Work to complete: Your job with the data below: print everything from the line that holds "Manufactured by Catalan" down to the line that holds "Signed in the", ends included, exactly, and nothing else.
Dataset section start
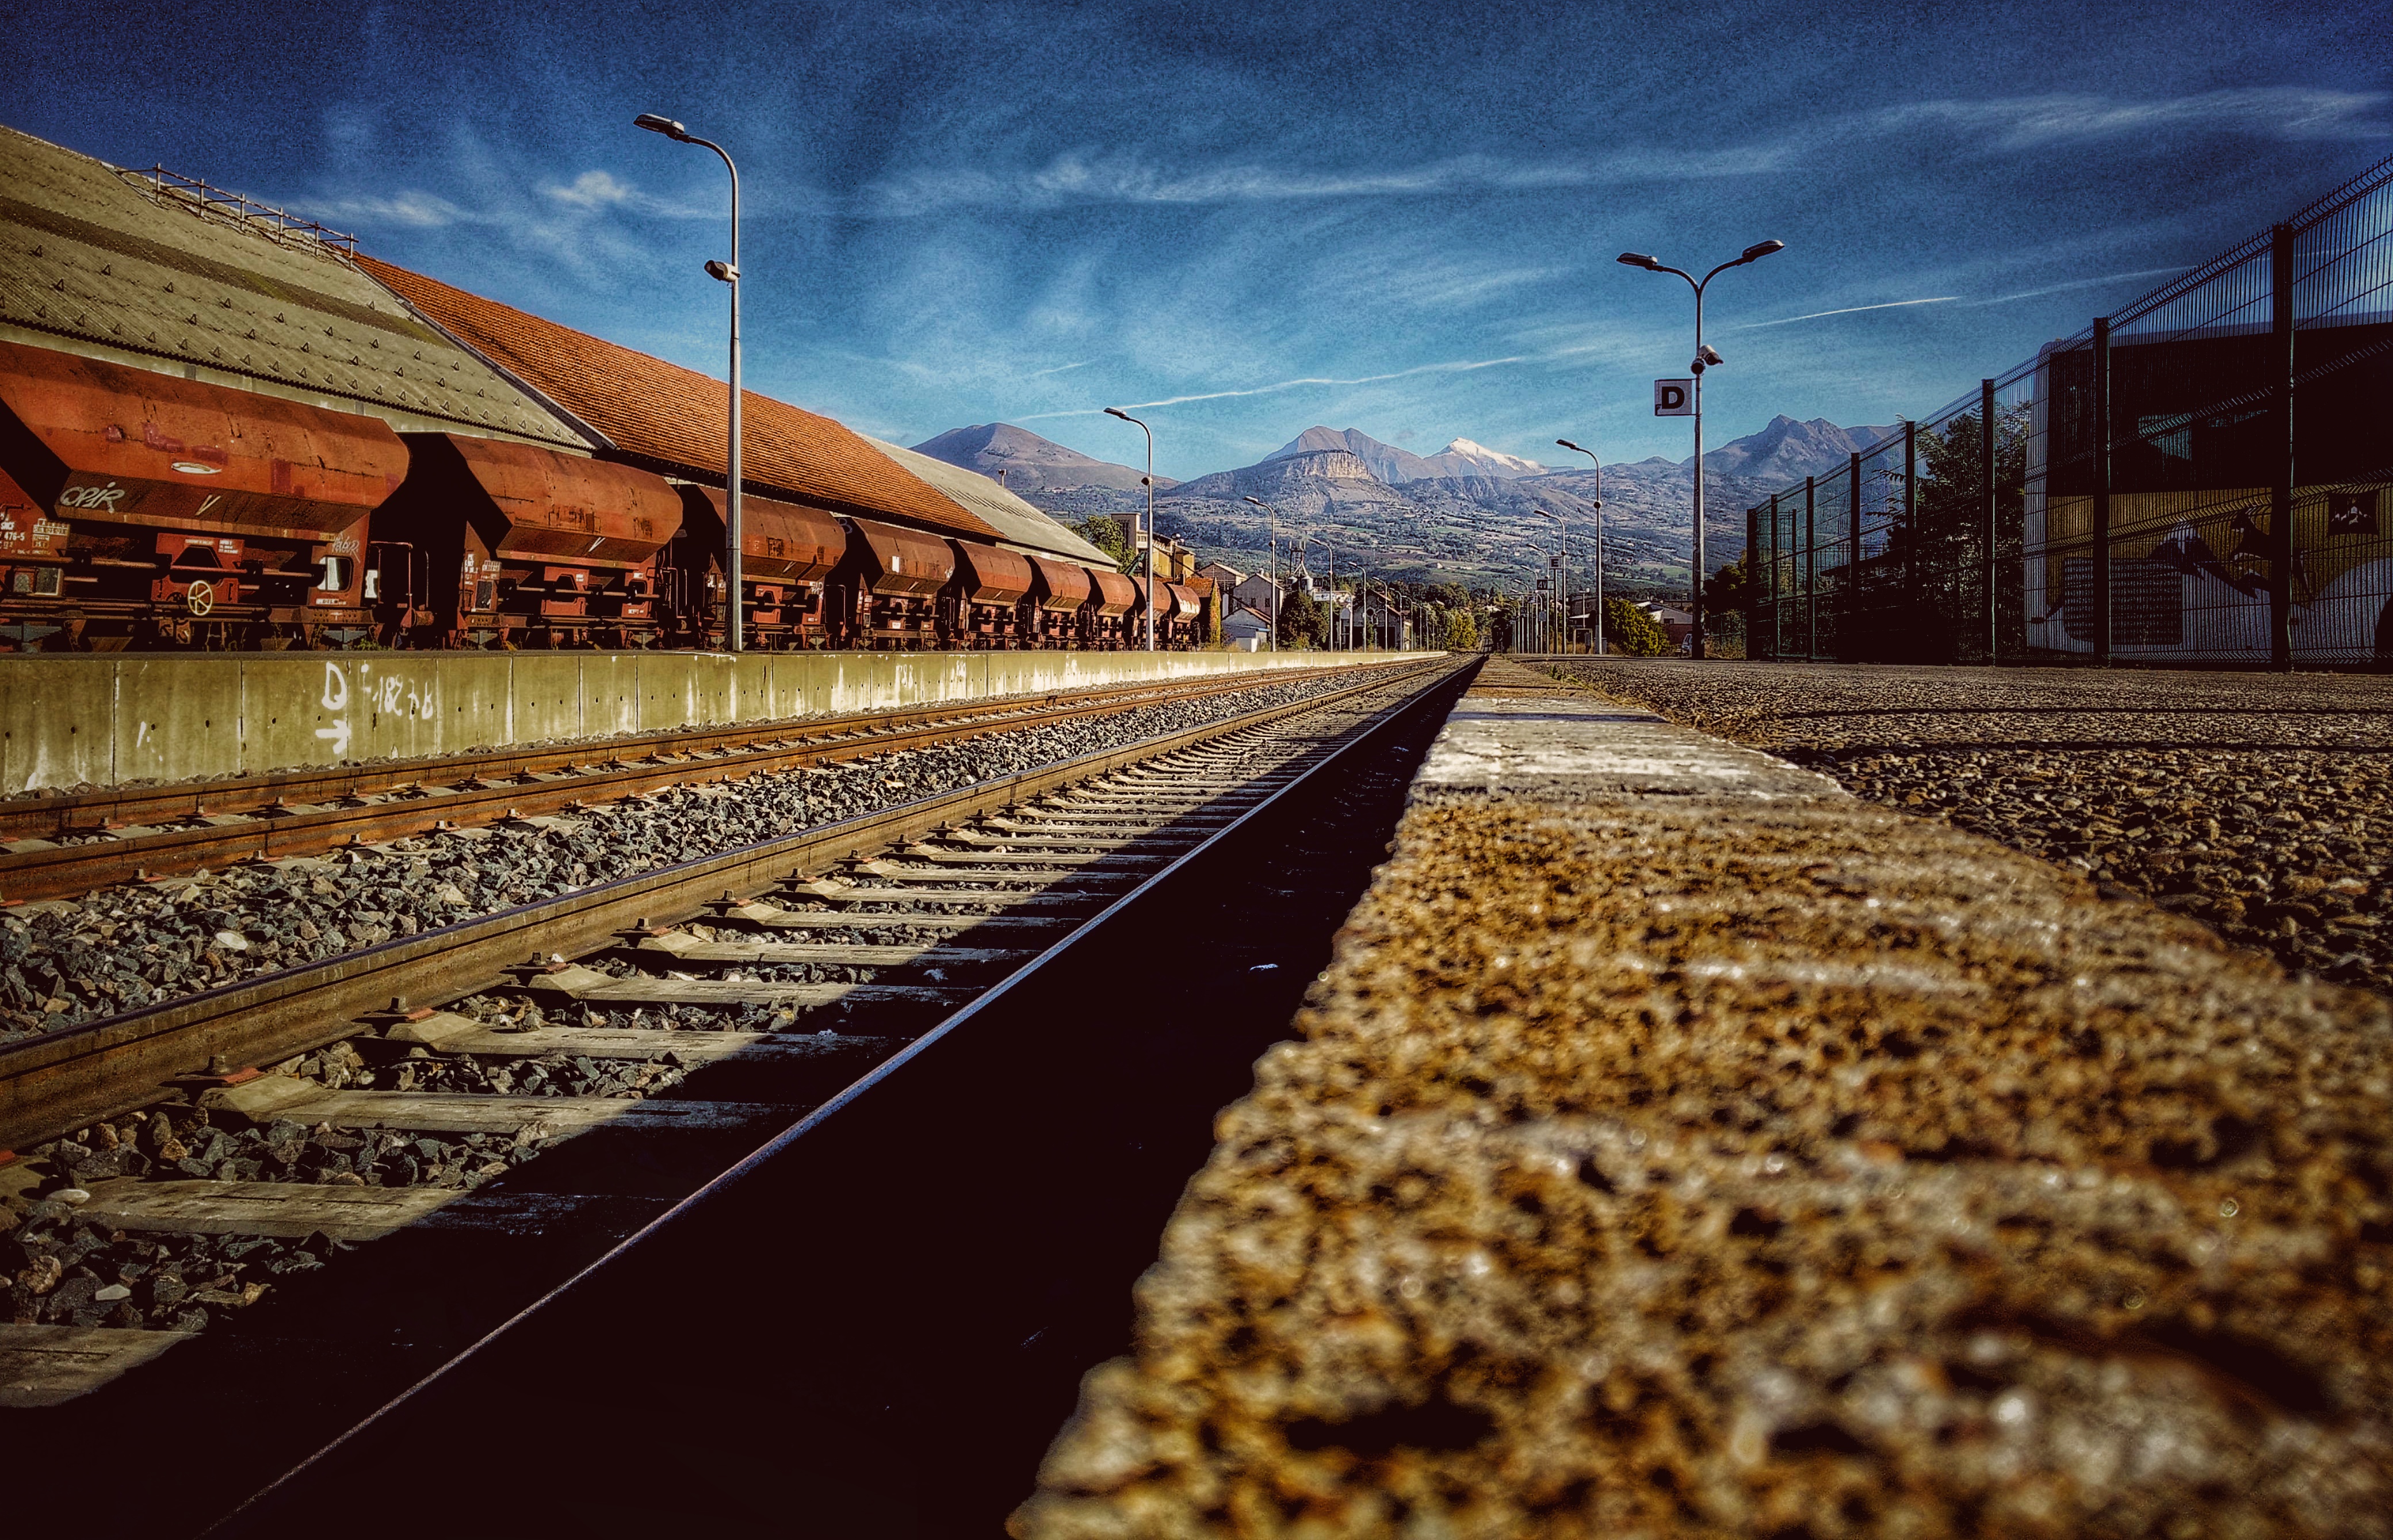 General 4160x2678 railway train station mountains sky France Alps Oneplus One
Dataset section end
Dataset section start
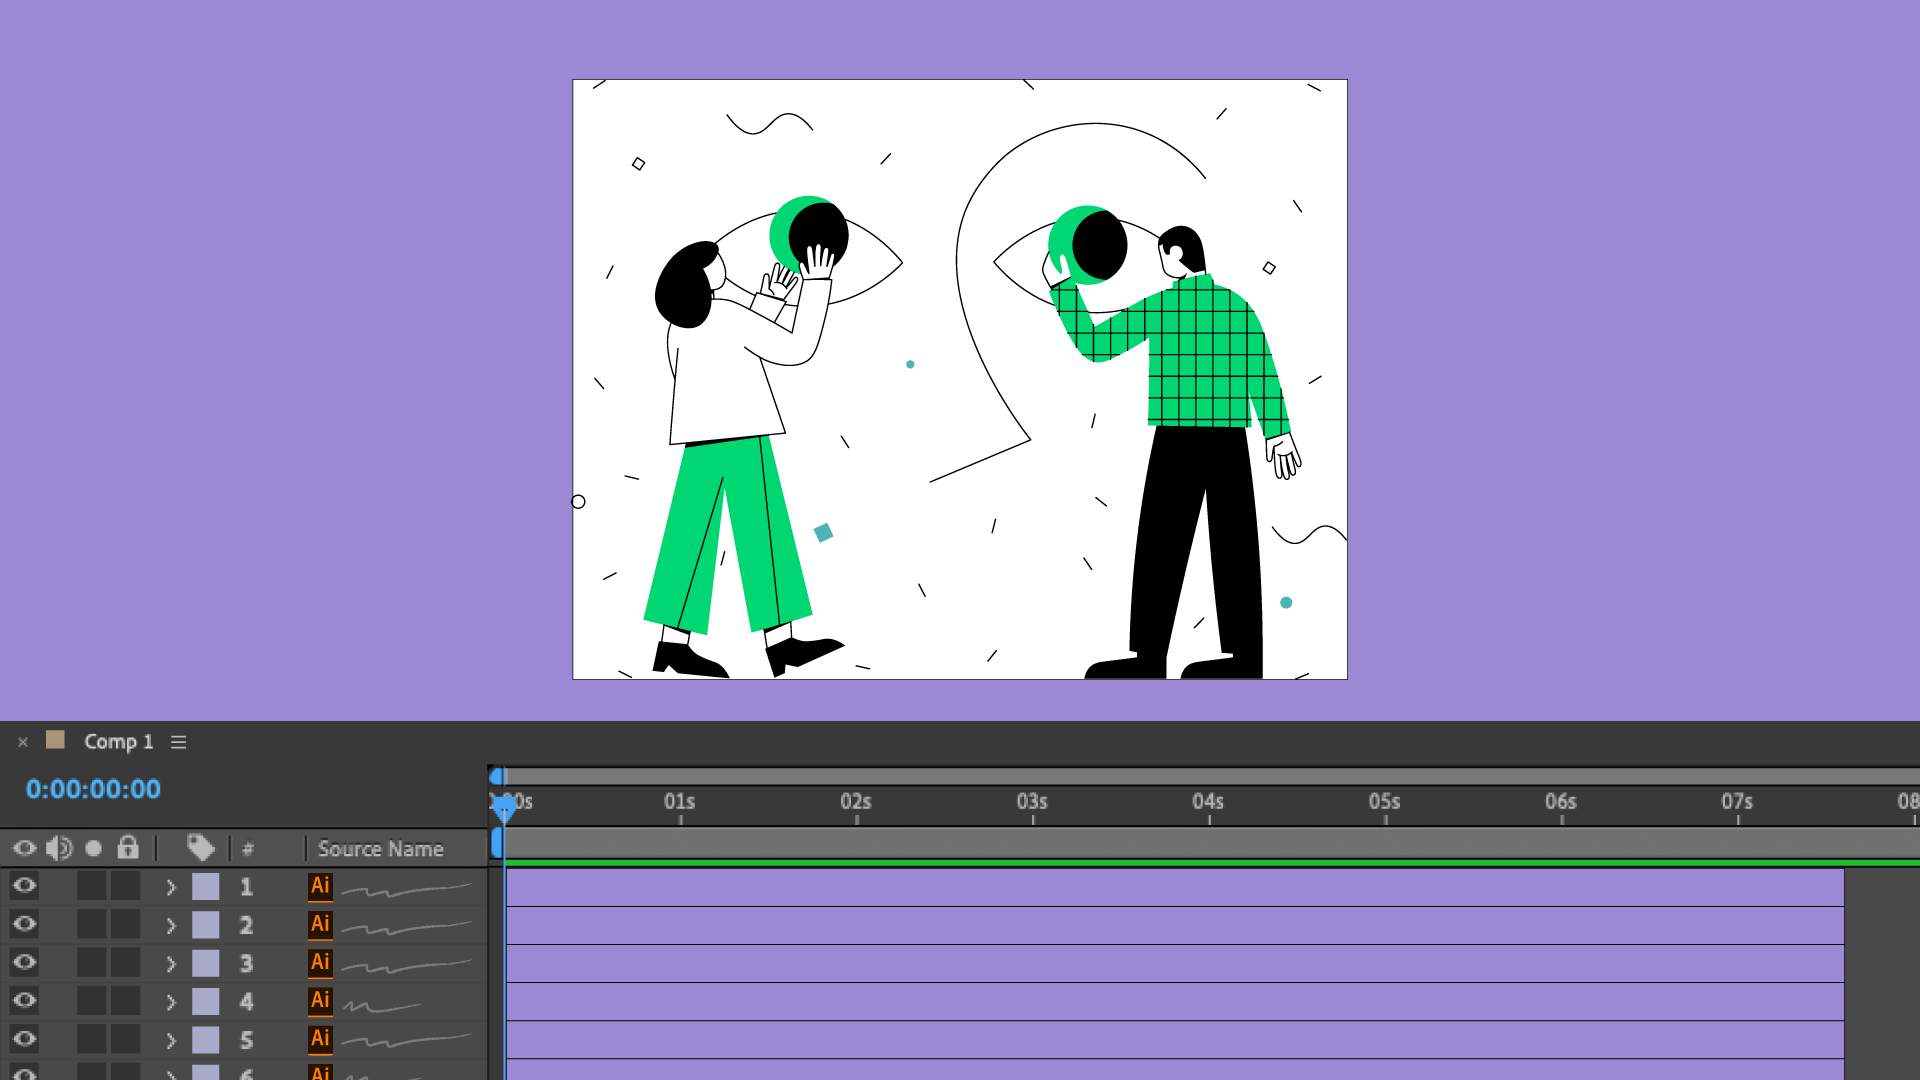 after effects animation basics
Dataset section end
Dataset section start
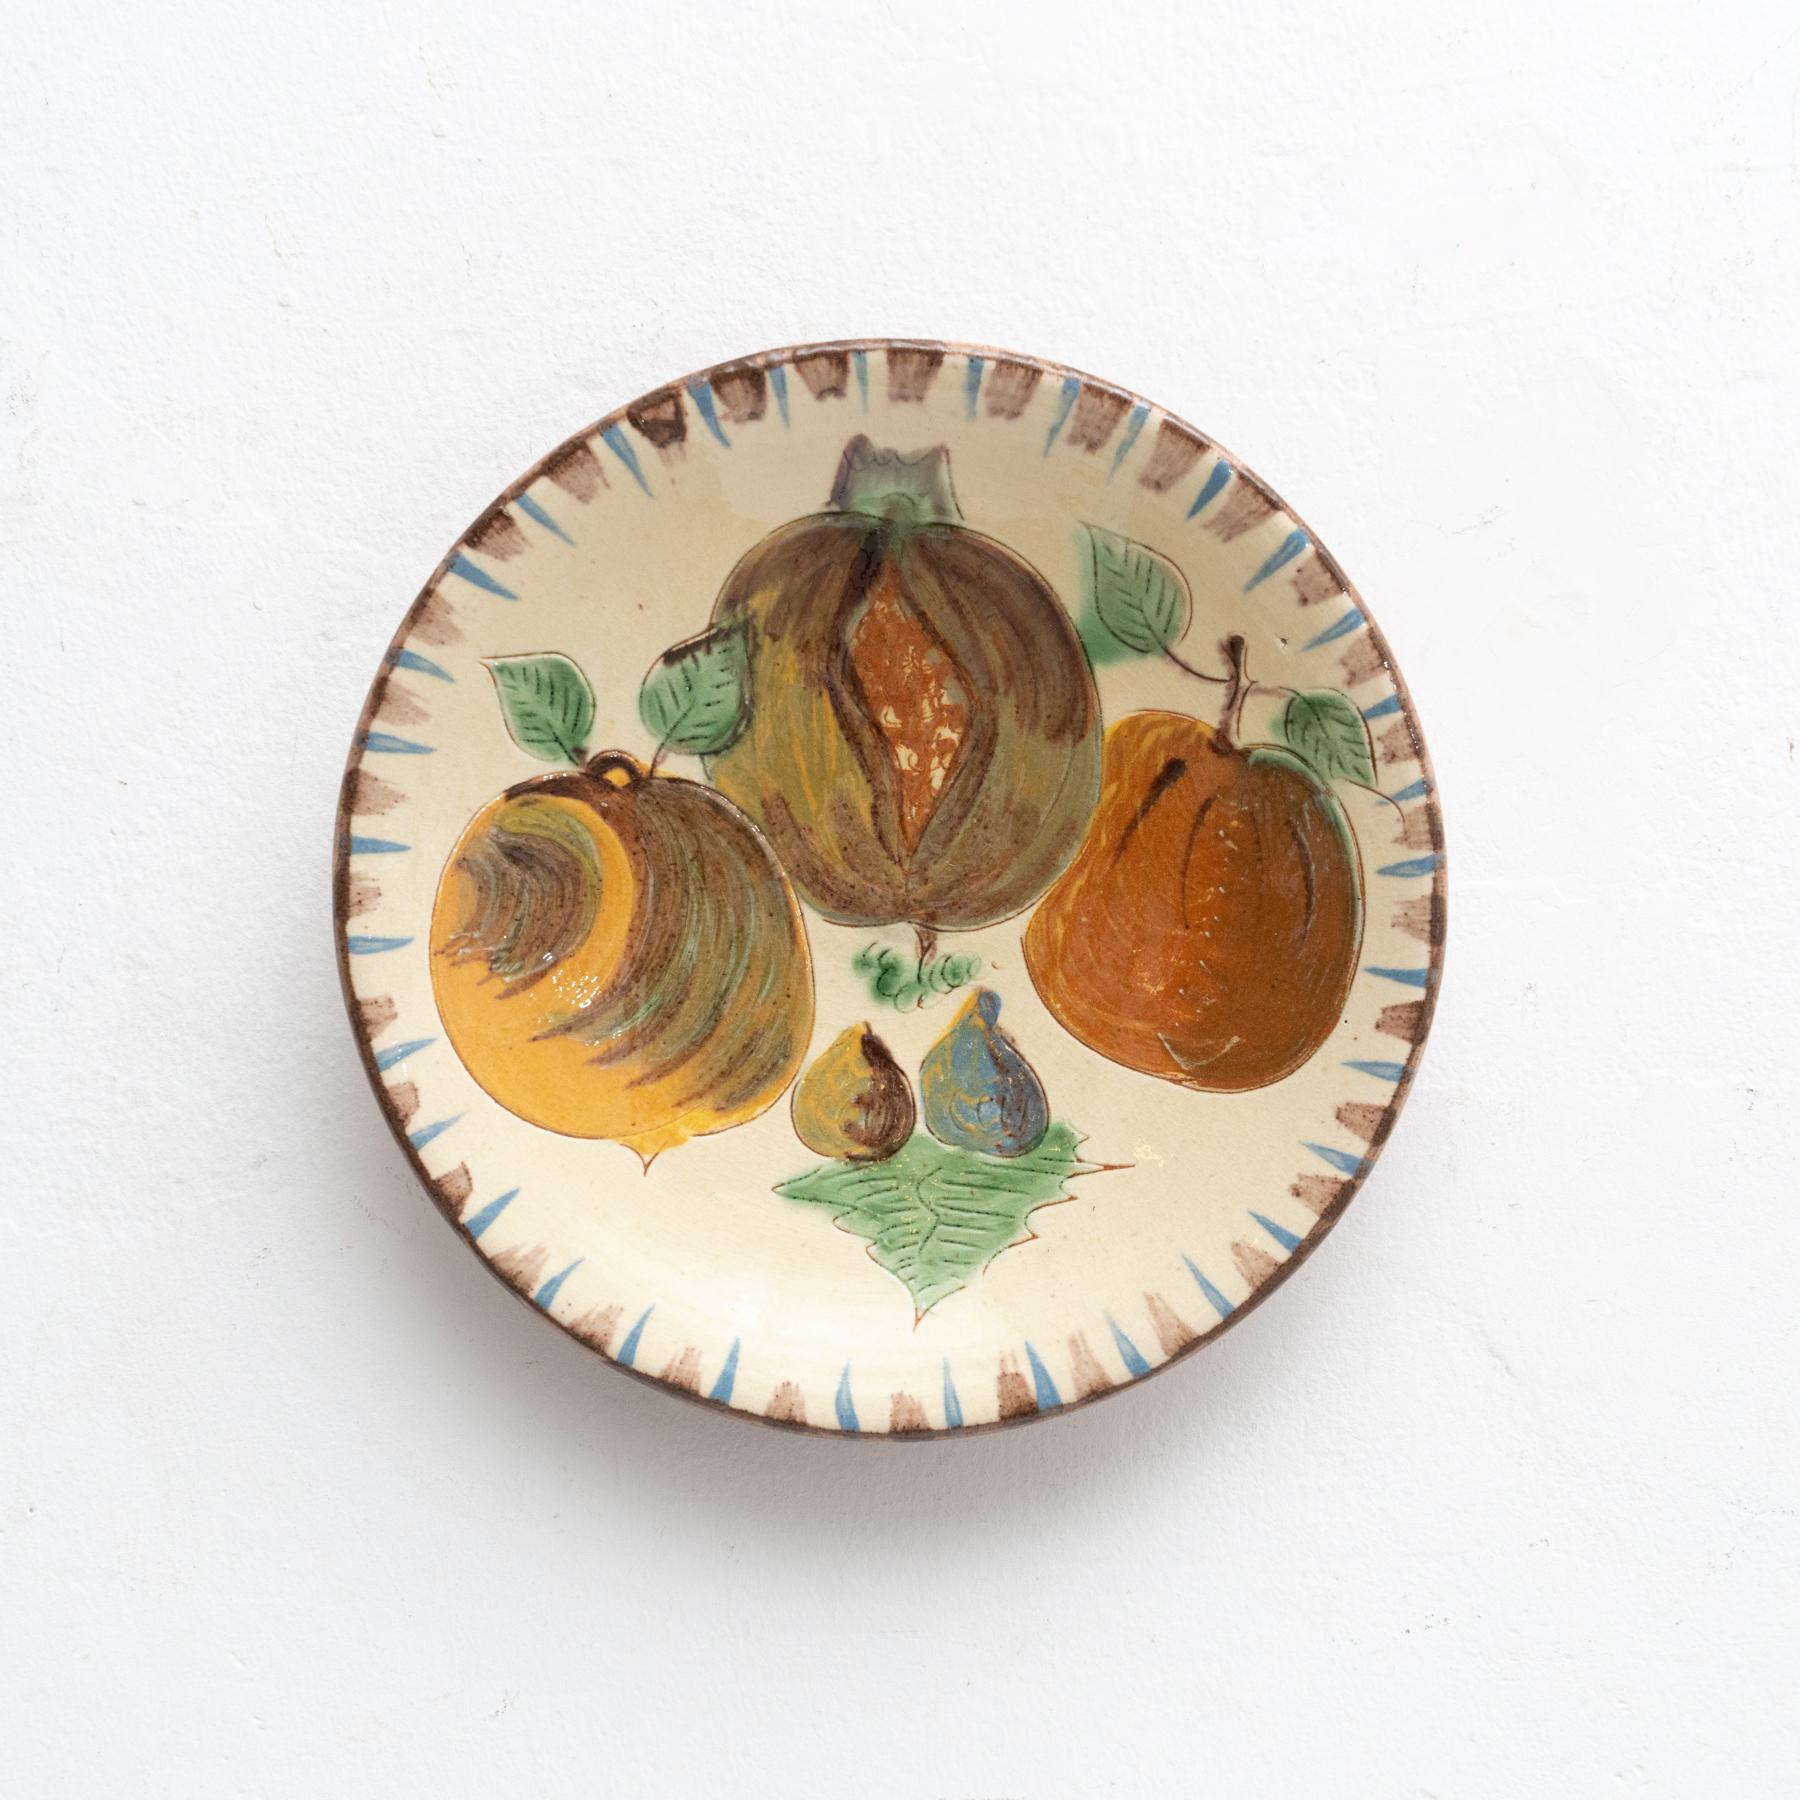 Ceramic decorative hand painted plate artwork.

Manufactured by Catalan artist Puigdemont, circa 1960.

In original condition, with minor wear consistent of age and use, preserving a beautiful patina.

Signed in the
Dataset section end
Solution to this problem:
Manufactured by Catalan artist Puigdemont, circa 1960.

In original condition, with minor wear consistent of age and use, preserving a beautiful patina.

Signed in the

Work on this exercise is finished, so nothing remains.